### [WHAT IS REQUIRED]
Could you output the listing that follows exactly, without its images?

### [EXERCISE DATA]

------------------------------------

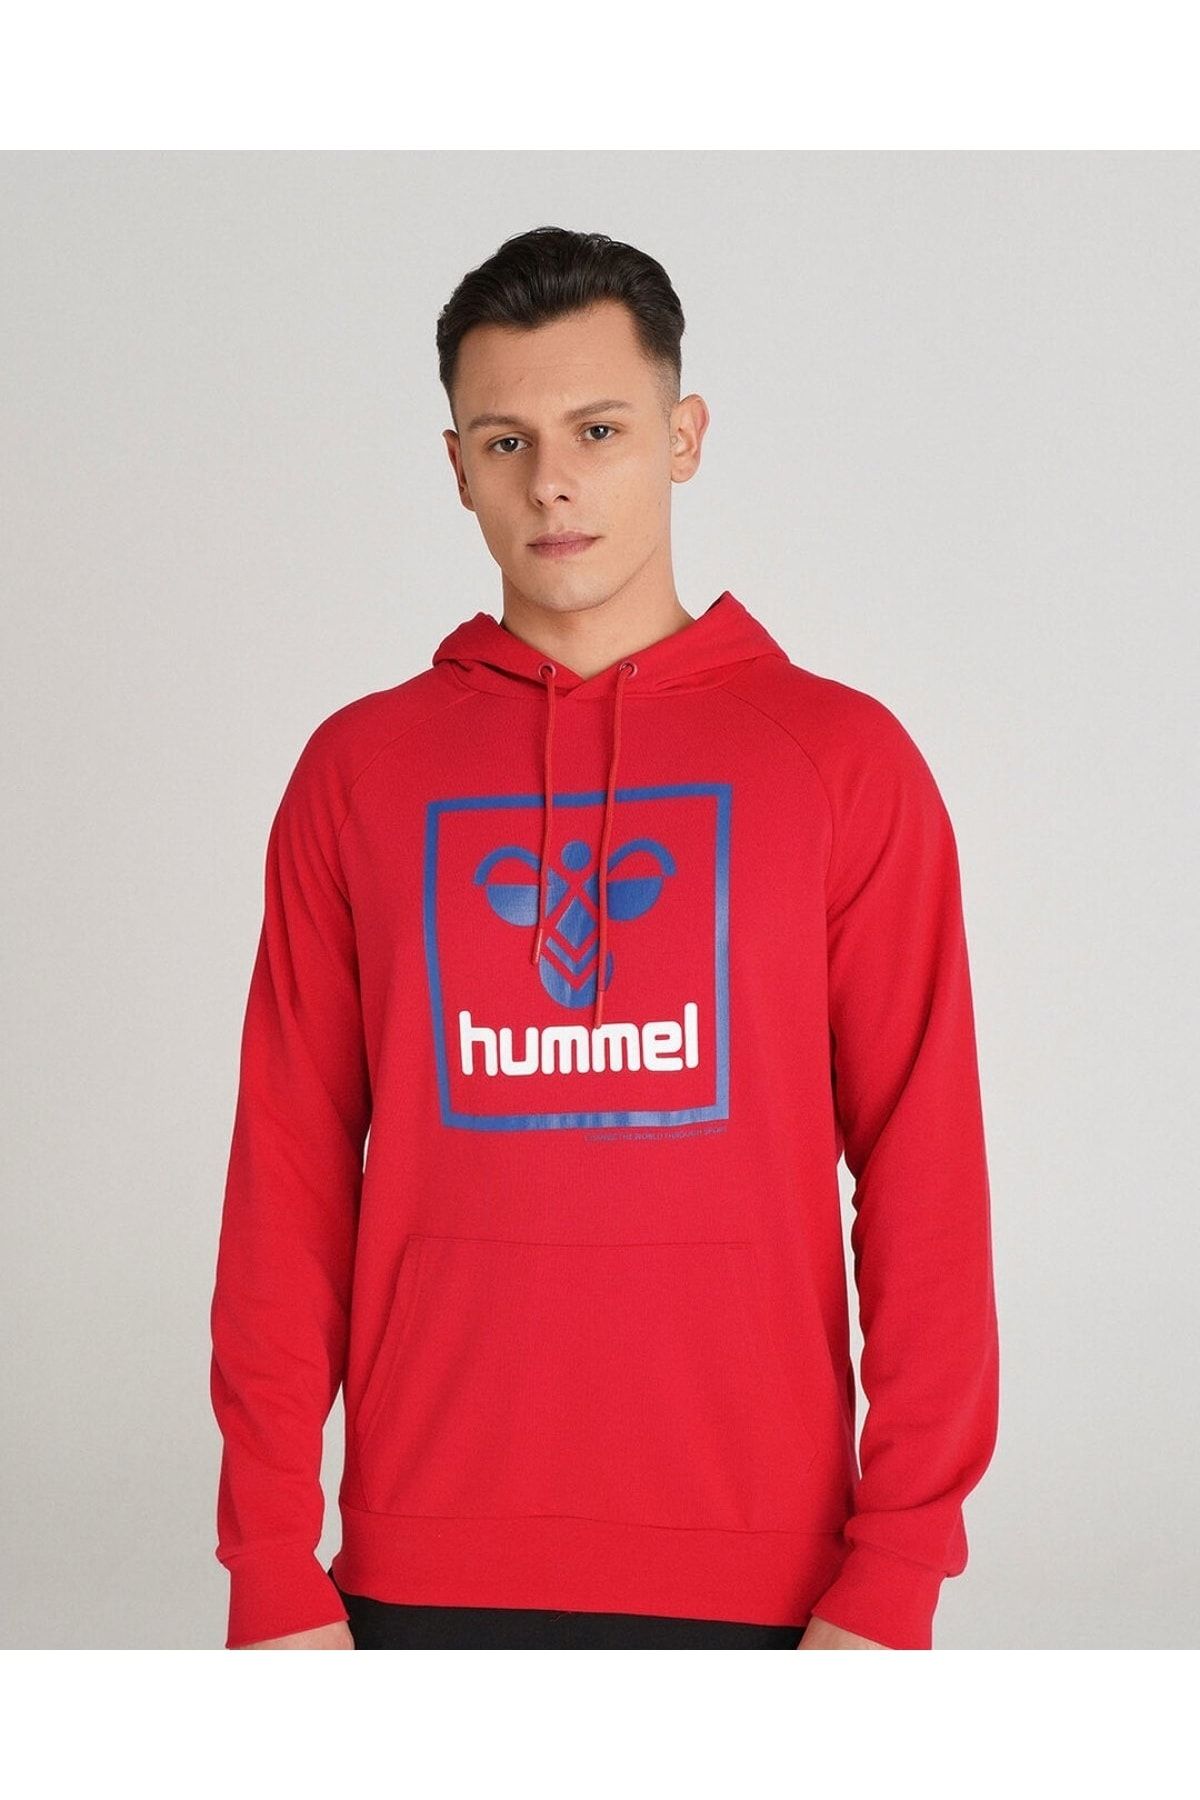 hummel Erkek T-ısam 2.0 Kırmızı Sweatshirt 921556-3658
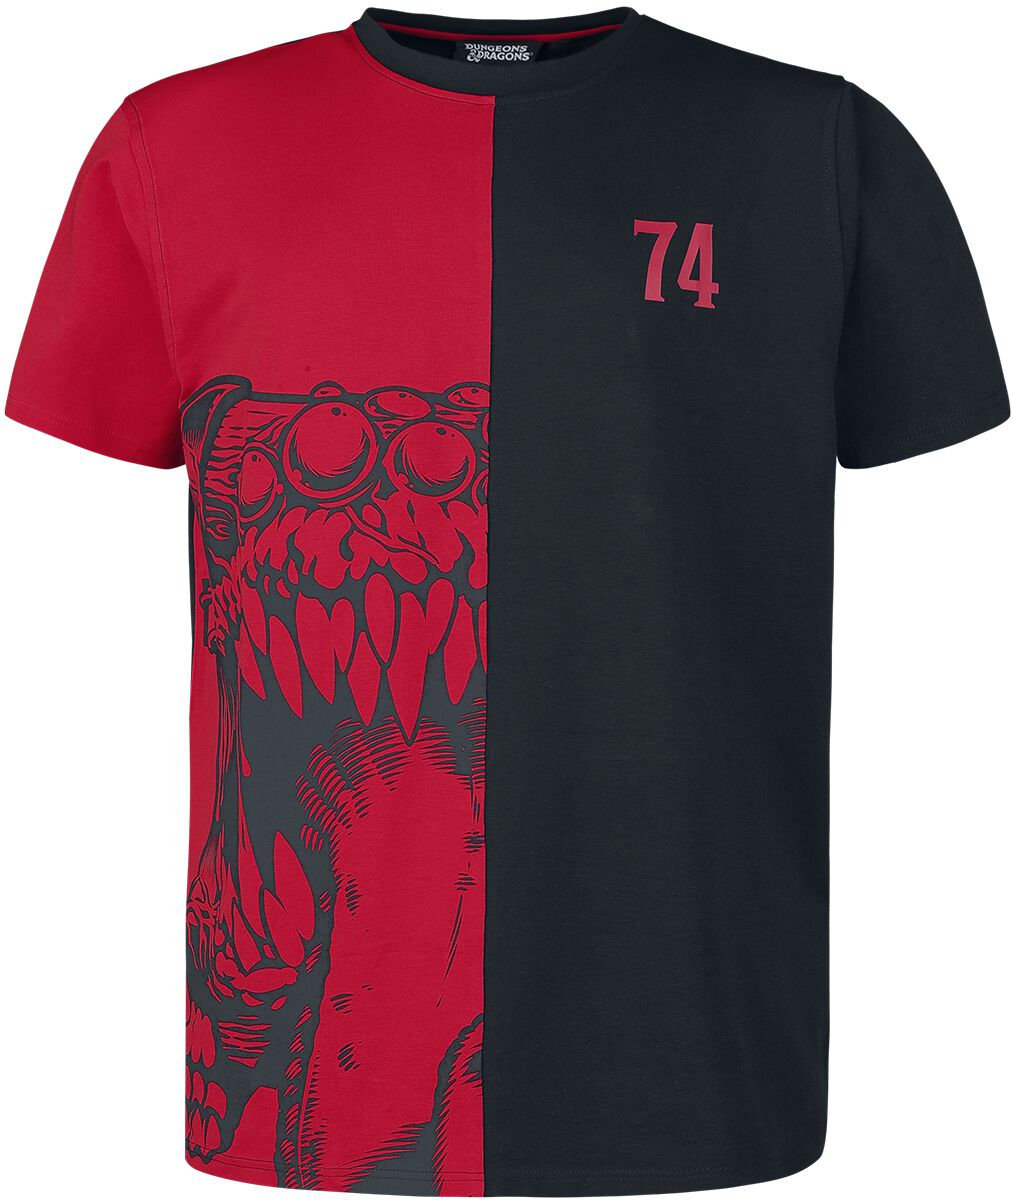 Dungeons and Dragons - Gaming T-Shirt - Mimic - S bis M - für Männer - Größe S - schwarz/rot  - EMP exklusives Merchandise!
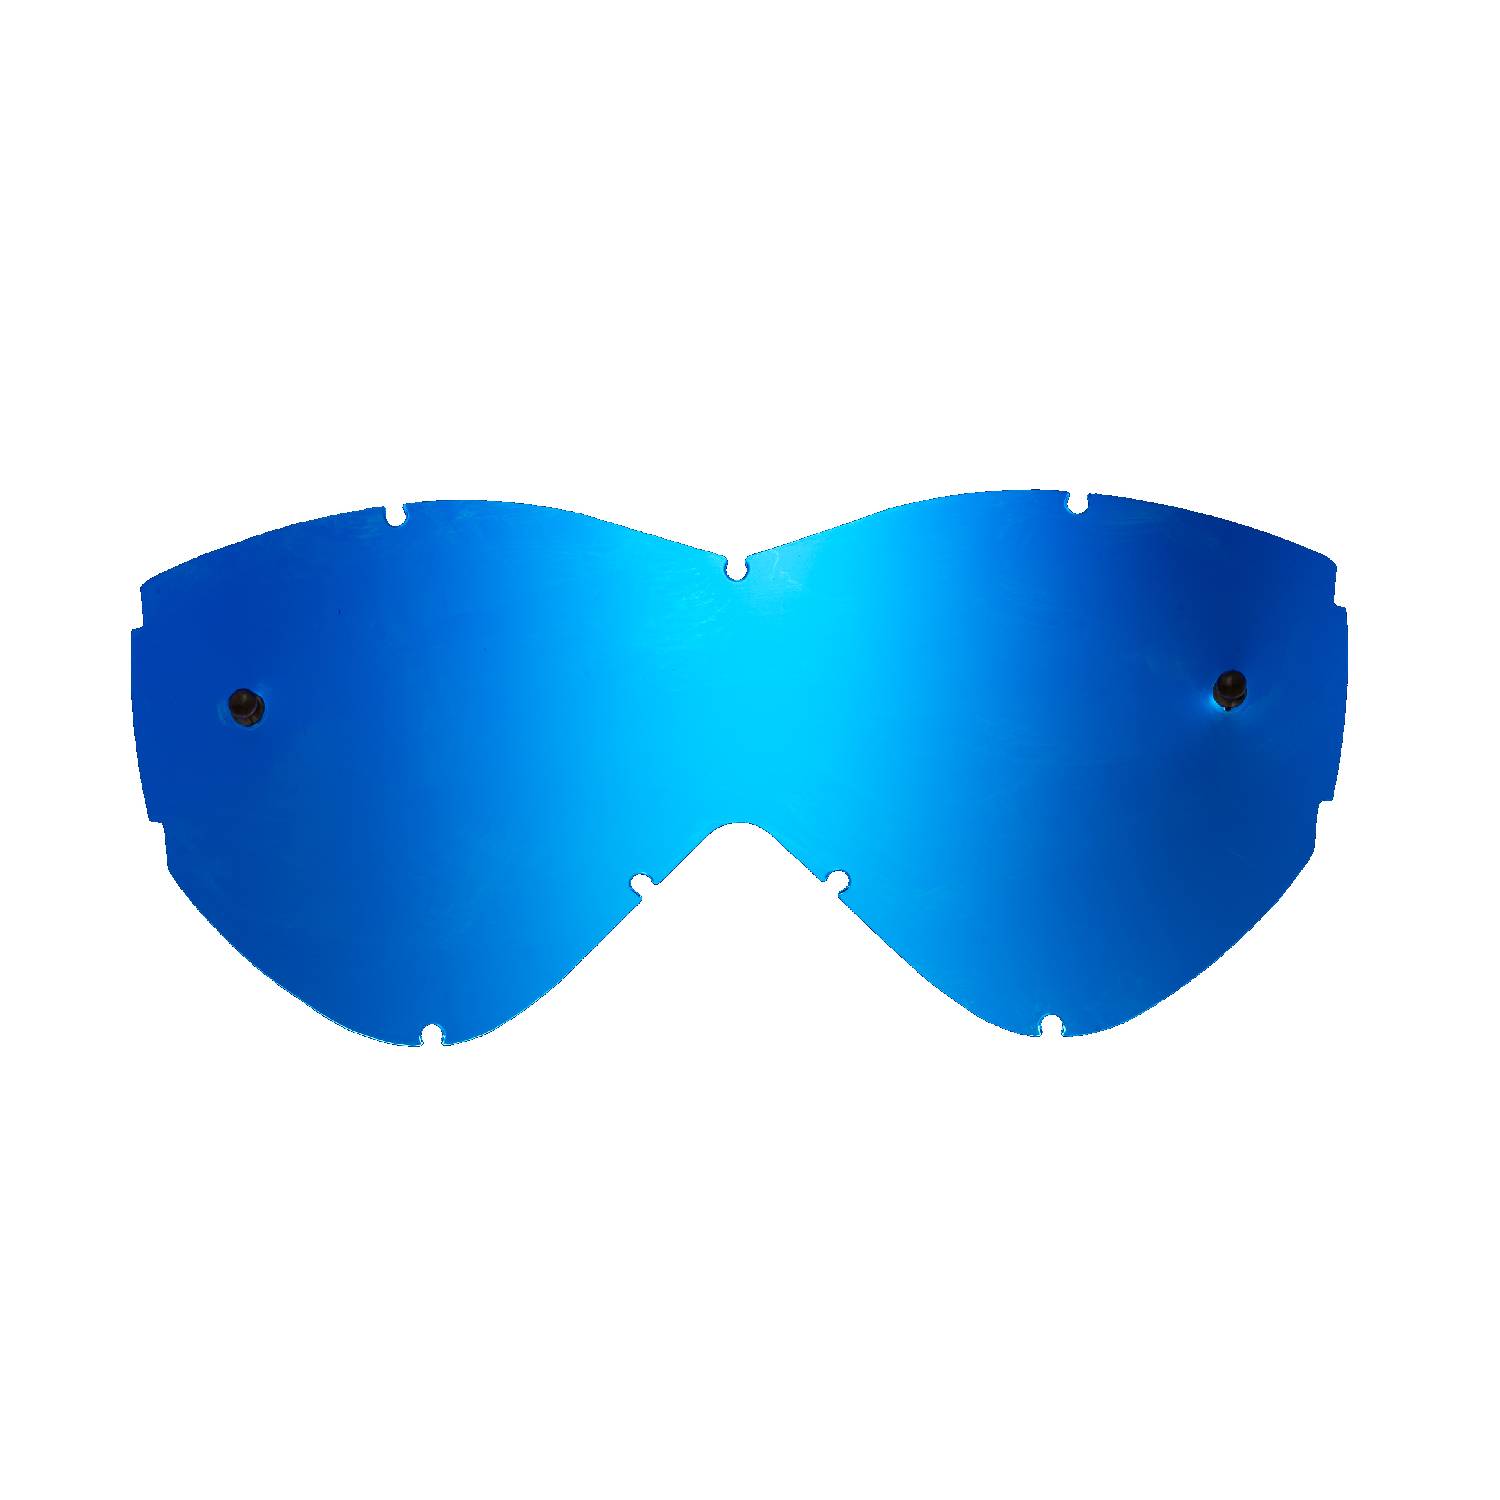 Lente di ricambio blu specchiato compatibile per occhiale/maschera Smith Warp
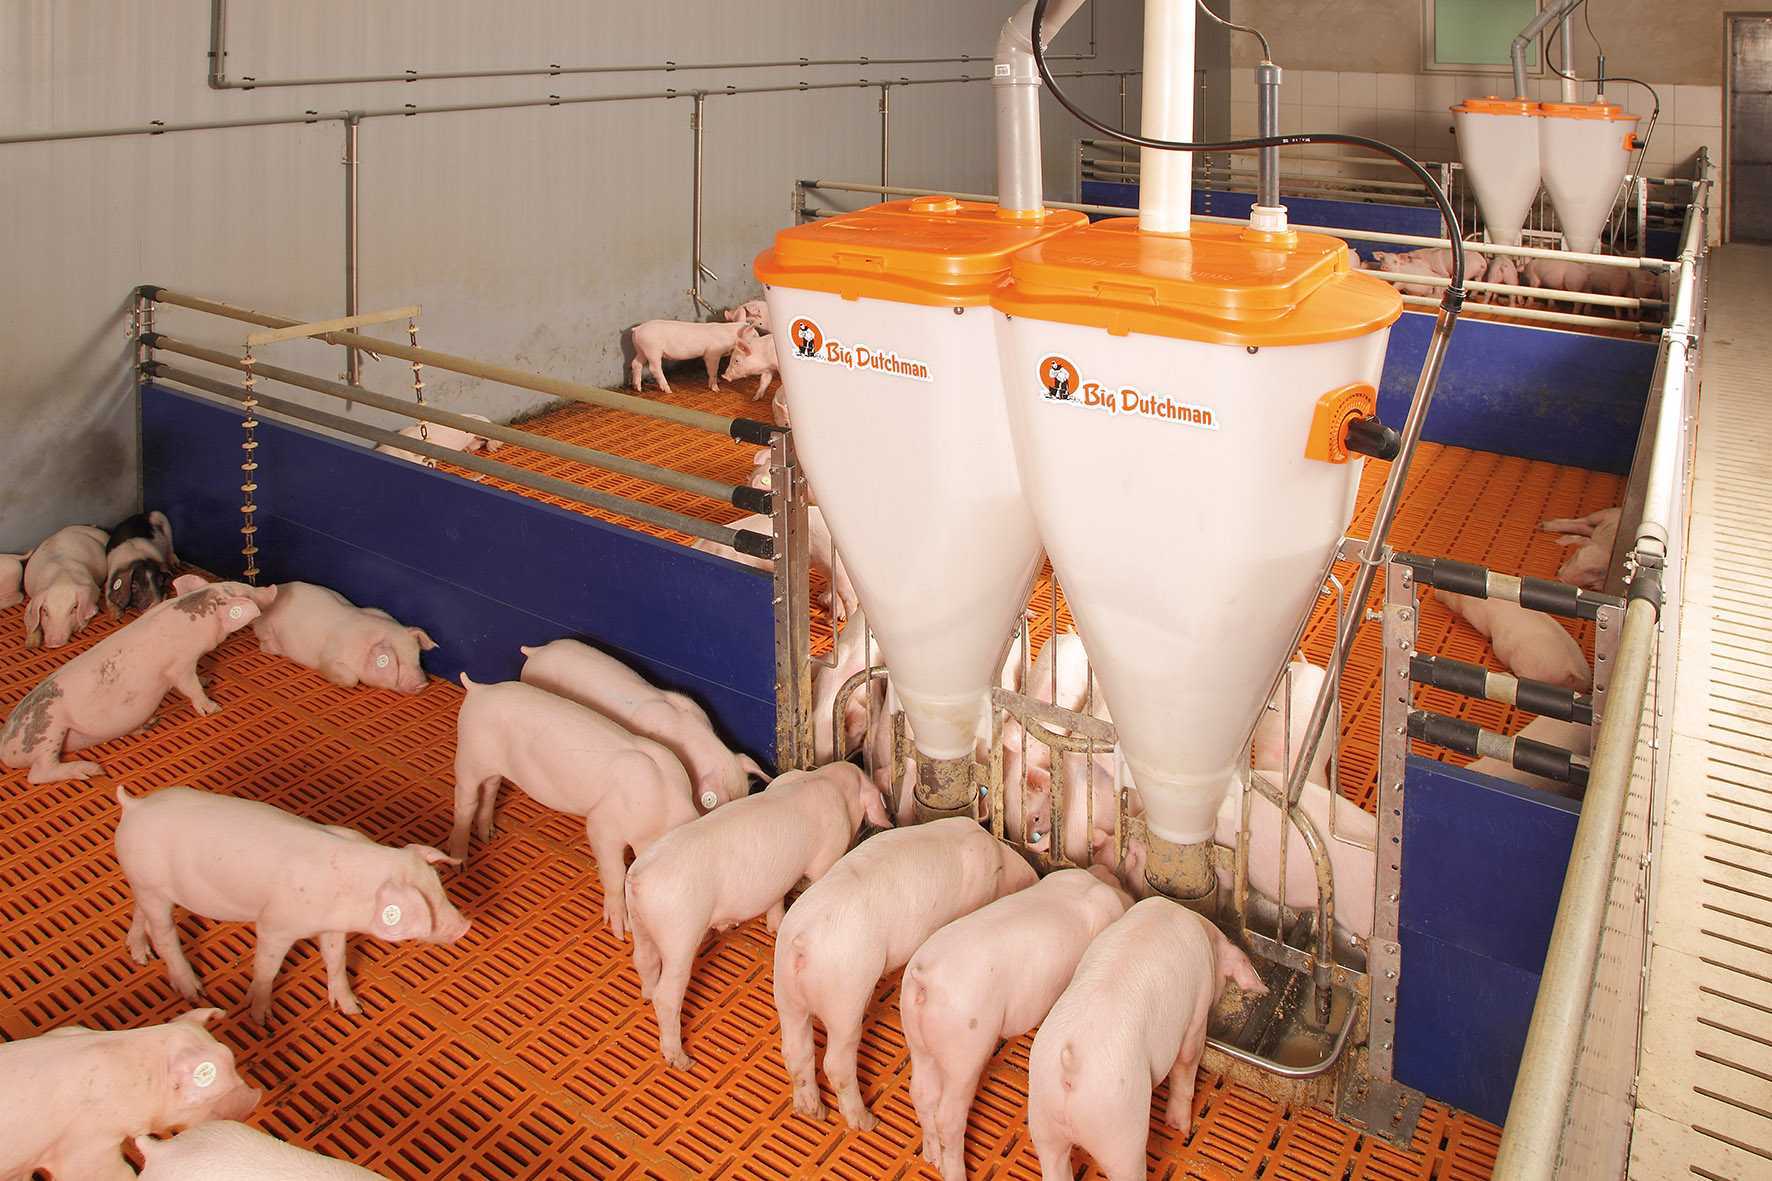 Рекомендации по кормлению свиней — свиноводство -> кормление свиней

------------------------------------

### [ANSWER SECTION]
 hummel Erkek T-ısam 2.0 Kırmızı Sweatshirt 921556-3658
 Dungeons and Dragons - Gaming T-Shirt - Mimic - S bis M - für Männer - Größe S - schwarz/rot  - EMP exklusives Merchandise!
 Lente di ricambio blu specchiato compatibile per occhiale/maschera Smith Warp
 Рекомендации по кормлению свиней — свиноводство -> кормление свиней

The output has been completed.